TASK DIRECTIONS: No pictures in the copy. Write out the listing below exactly.

COLLECTED DATA:
((

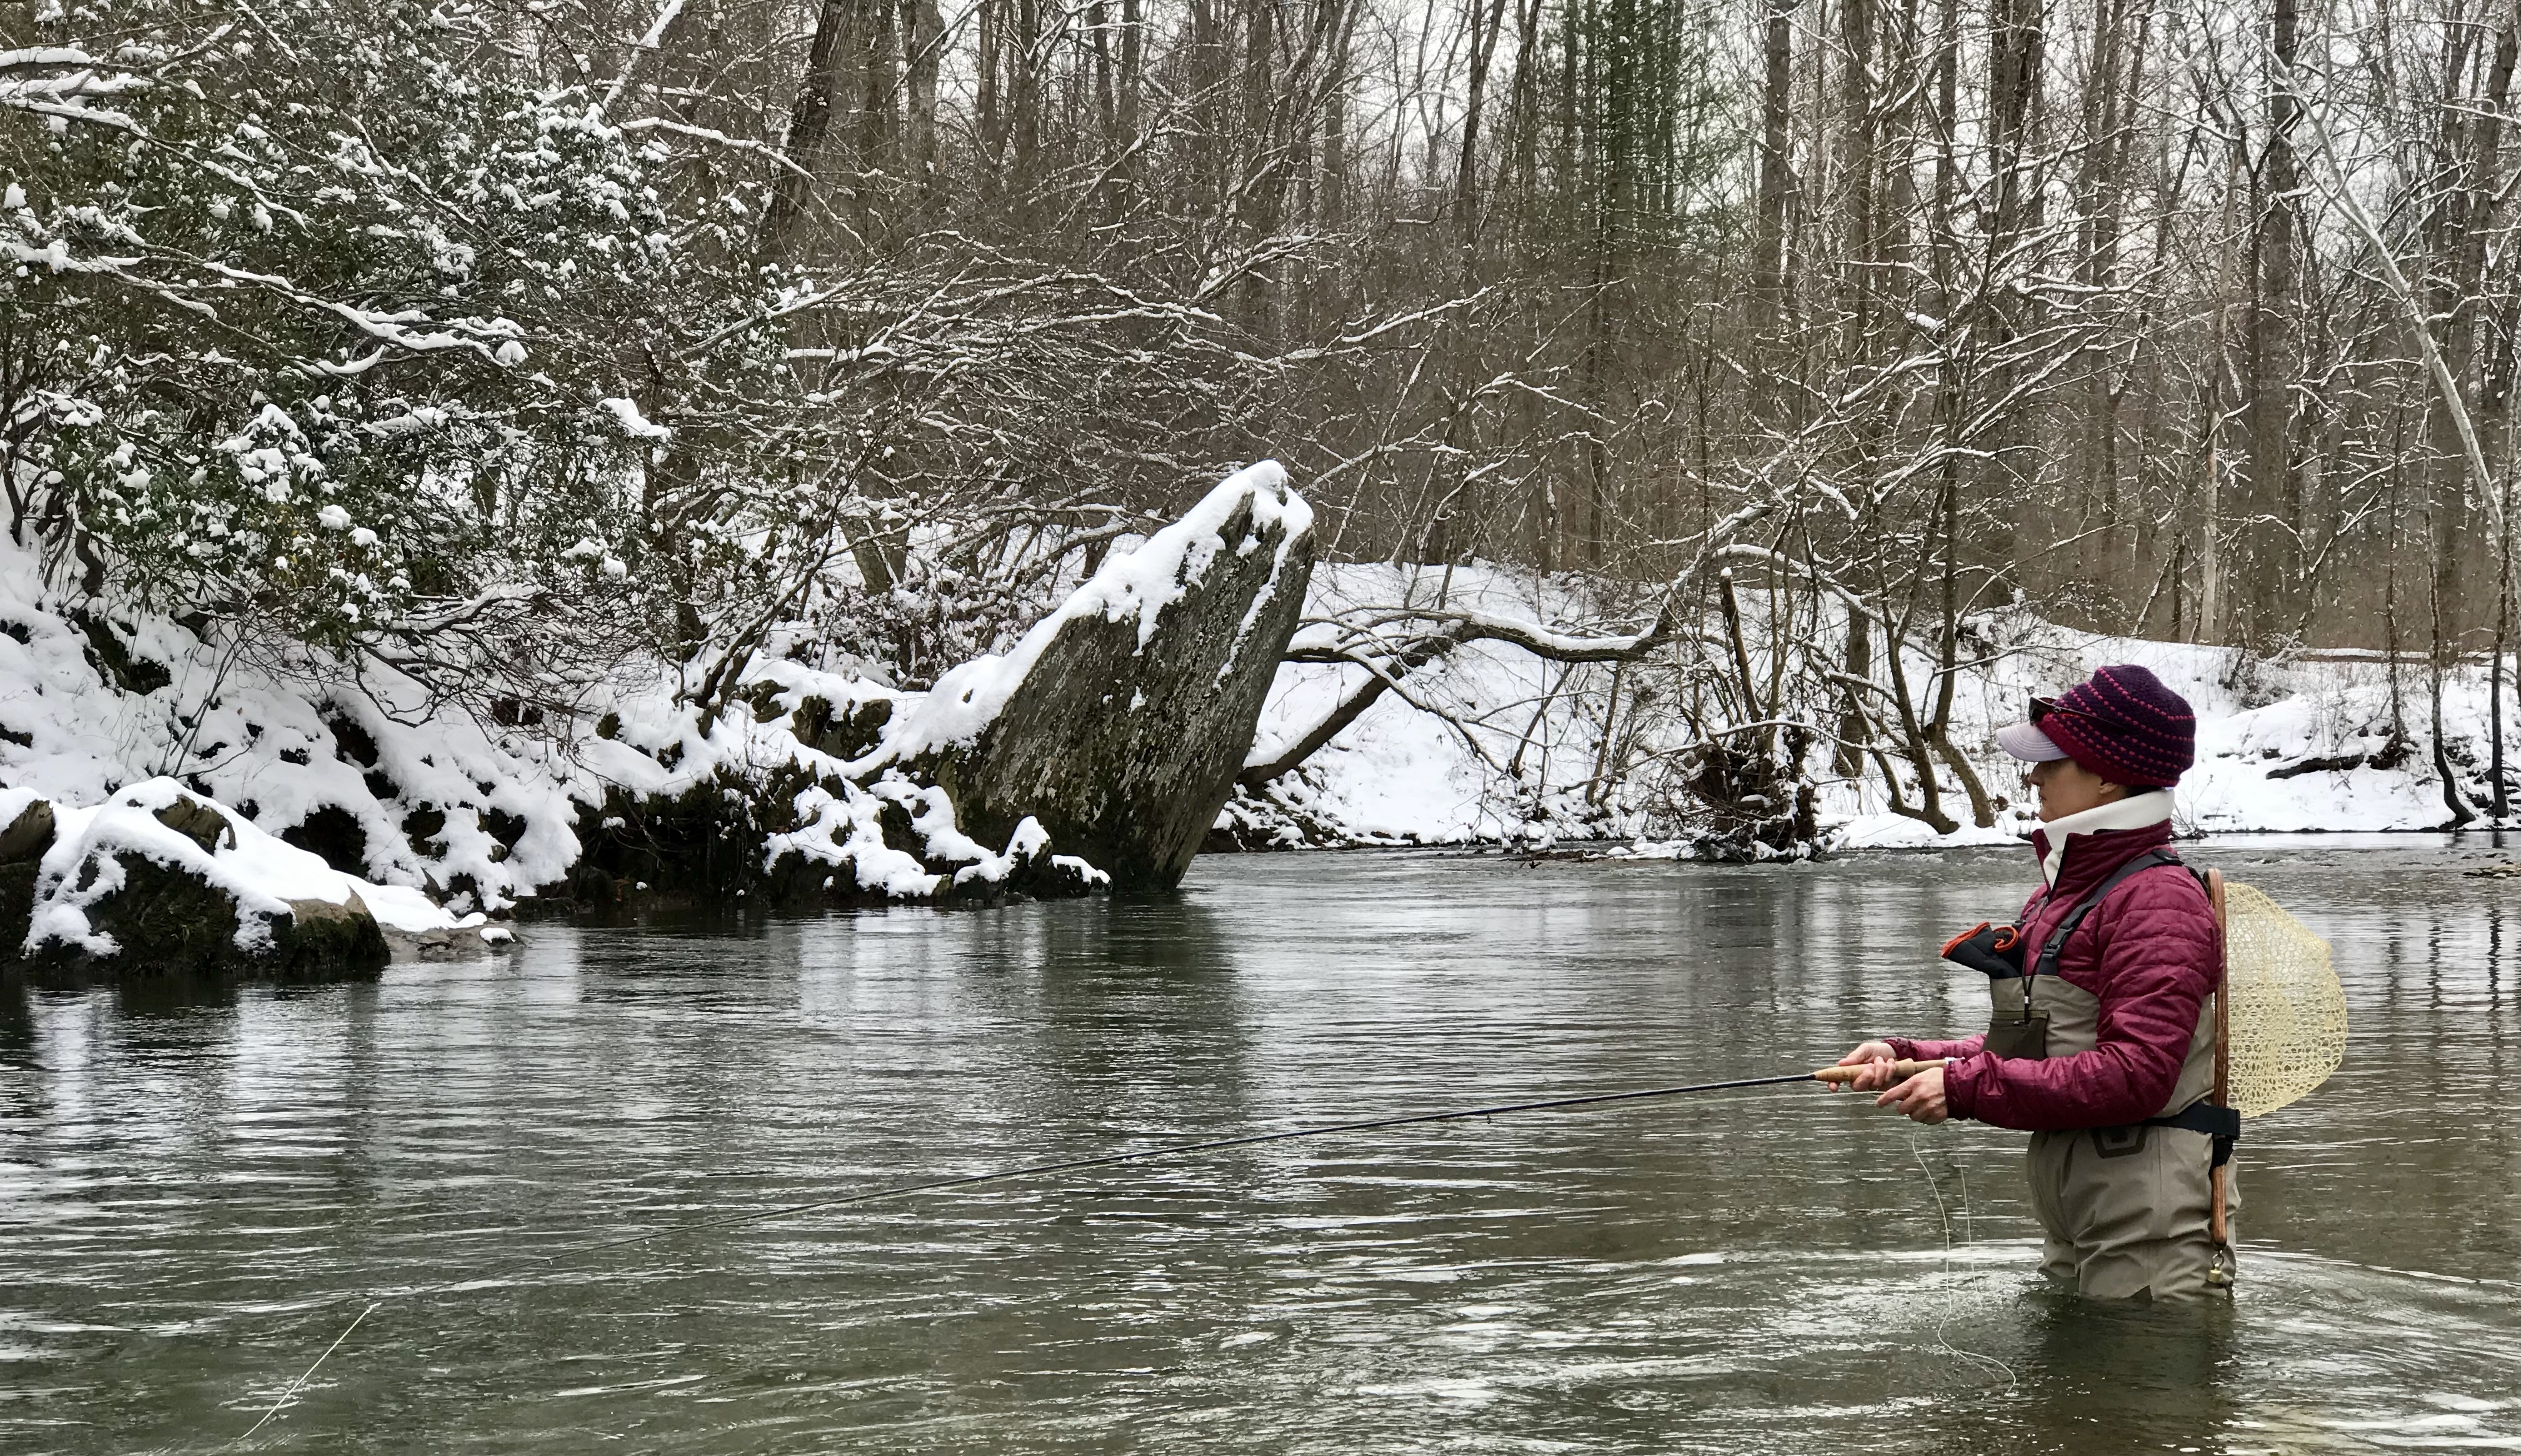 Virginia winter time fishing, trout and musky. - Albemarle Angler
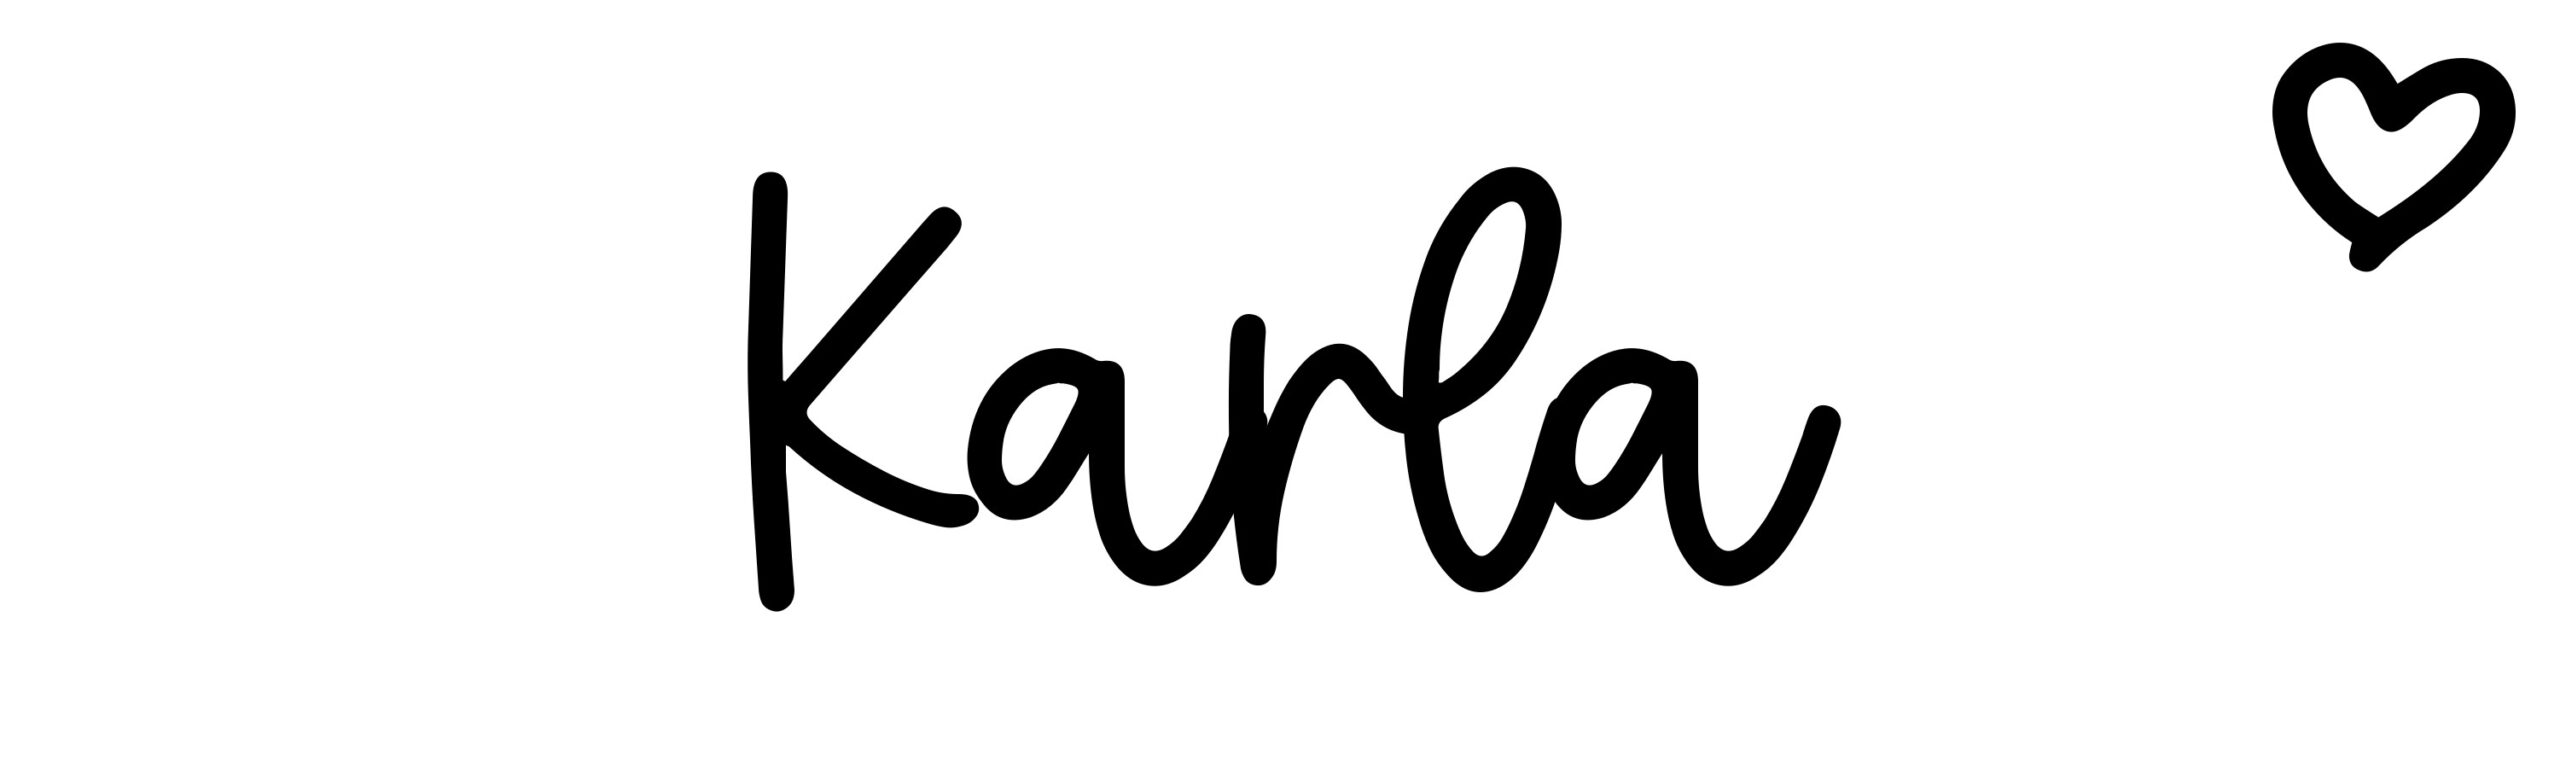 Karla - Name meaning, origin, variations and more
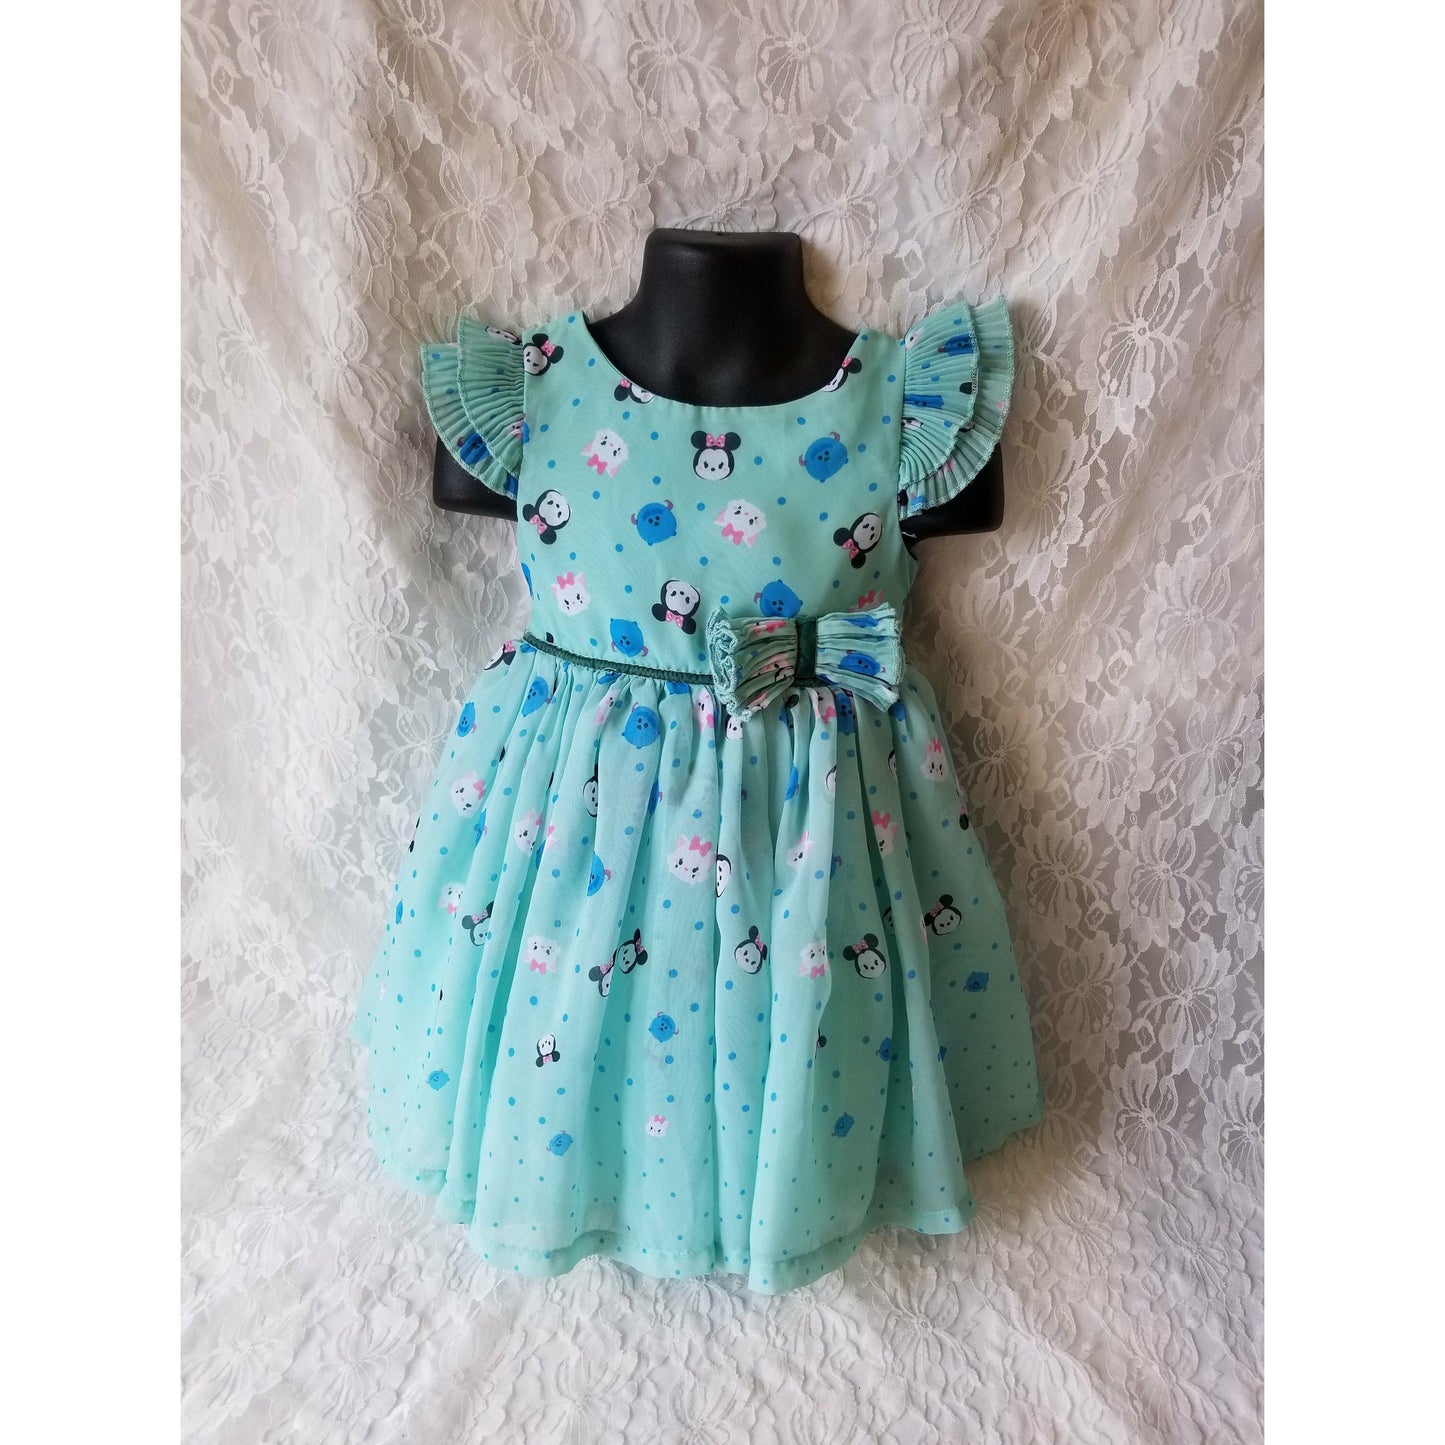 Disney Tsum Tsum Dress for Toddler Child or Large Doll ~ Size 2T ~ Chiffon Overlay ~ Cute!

))

SOLUTION FOR THIS EXERCISE:
 Virginia winter time fishing, trout and musky. - Albemarle Angler
 Karla - Name meaning, origin, variations and more
 Disney Tsum Tsum Dress for Toddler Child or Large Doll ~ Size 2T ~ Chiffon Overlay ~ Cute!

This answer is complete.